4. Kelembaban kelembaban rumah yang tinggi dapat mempengaruhi penurunan daya


tahan tubuh seseorang dan meningkatkan kerentanan tubuh terhadap penyakit terutama penyakit
infeksi. Kelembaban juga dapat meningkatkan daya tahan hidup bakteri. Menurut Suryanto
(2003), kelembaban dianggap baik jika memenuhi 40-70% dan buruk jika kurang dari 40% atau
lebih dari 70%. Kelembaban berkaitan erat dengan ventilasi karena sirkulasi udara yang tidak
lancar akan mempengaruhi suhu udara dalam rumah menjadi rendah sehingga kelembaban
udaranya tinggi. Sebuah rumah yang memiliki kelembaban udara tinggi memungkinkan adanya
tikus, kecoa dan jamur yang semuanya memiliki peran besar dalam patogenesis penyakit
pernafasan (Krieger dan Higgins, 2002).

5. Lantai
Lantai rumah dapat mempengaruhi terjadinya penyakit ISPA karena lantai yang tidak memenuhi
standar merupakan media yang baik untuk perkembangbiakan bakteri atau virus penyebab ISPA.
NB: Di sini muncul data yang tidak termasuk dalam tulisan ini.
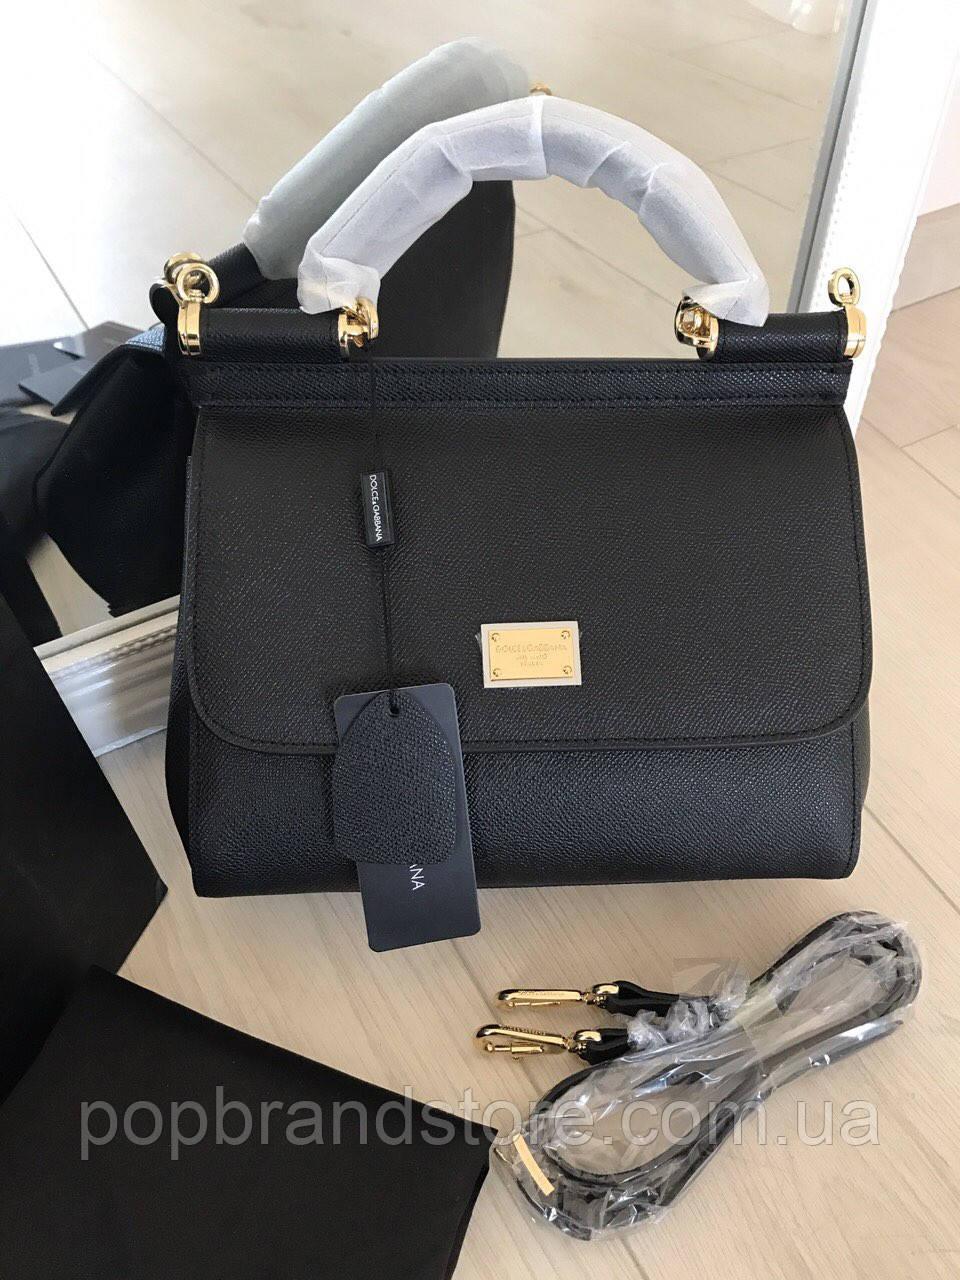 Еллегантная женская сумочка DOLCE GABBANA

Lantai yang baik adalah lantai yang dalam keadaan kering dan tidak lembab. Bahan lantai harus
kedap air dan mudah dibersihkan, jadi paling tidak lantai perlu diplester dan akan
lebih baik kalau dilapisi ubin atau keramik yang mudah dibersihkan (Ditjen PPM dan PL, 2002).
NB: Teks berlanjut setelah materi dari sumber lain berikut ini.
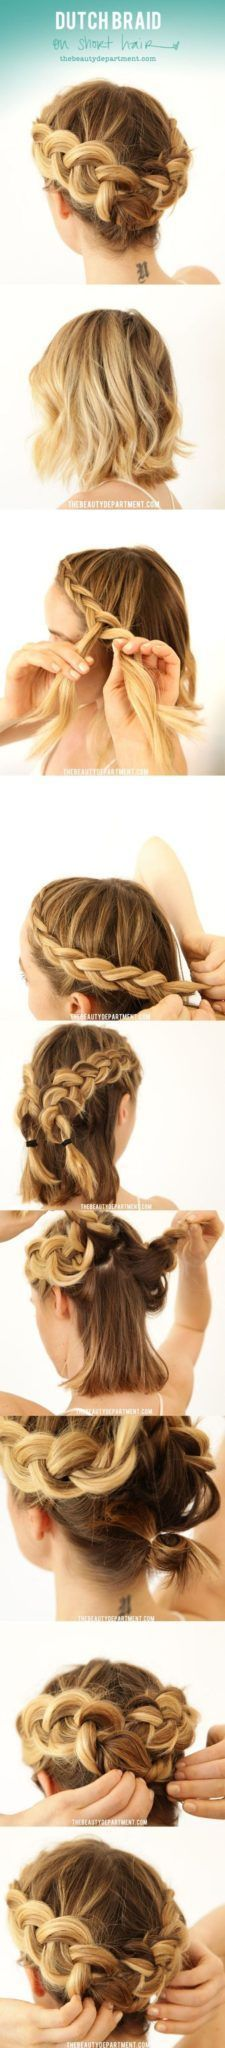 24 Easy hairstyles for short hair + Tutorial

6. Dinding Dinding rumah yang baik menggunakan tembok, tetapi dinding rumah
di daerah tropis khususnya di pedesaan banyak yang berdinding papan, kayu dan bambu. Hal ini
disebabkan masyarakat pedesaan perekonomiannya kurang. Rumah yang berdinding tidak rapat
seperti papan, kayu dan bambu dapat menyebabkan penyakit pernafasan yang berkelanjutan
seperti ISPA, karena angin malam yang langsung masuk ke dalam rumah. Jenis dinding
mempengaruhi terjadinya ISPA, karena dinding yang sulit dibersihkan akan menyebabkan
penumpukan debu, sehingga akan dijadikan sebagai media yang baik bagi berkembangbiaknya
kuman (Suryanto , 2003).
7. Atap
Salah satu fungsi atap rumah yaitu melindungi masuknya debu dalam rumah. Atap sebaiknya
diberi plafon atau langit-langit, agar debu tidak langsung masuk ke dalam rumah (Nurhidayah,
2007). Menurut Suryanto (2003), atap juga berfungsi sebagai jalan masuknya cahaya alamiah
dengan menggunakan genteng kaca. Genteng kaca pun dapat dibuat secara sederhana, yaitu
dengan melubangi genteng, biasanya dilakukan pada waktu pembuatannya, kemudian lubang
pada genteng ditutup dengan pecahan kaca.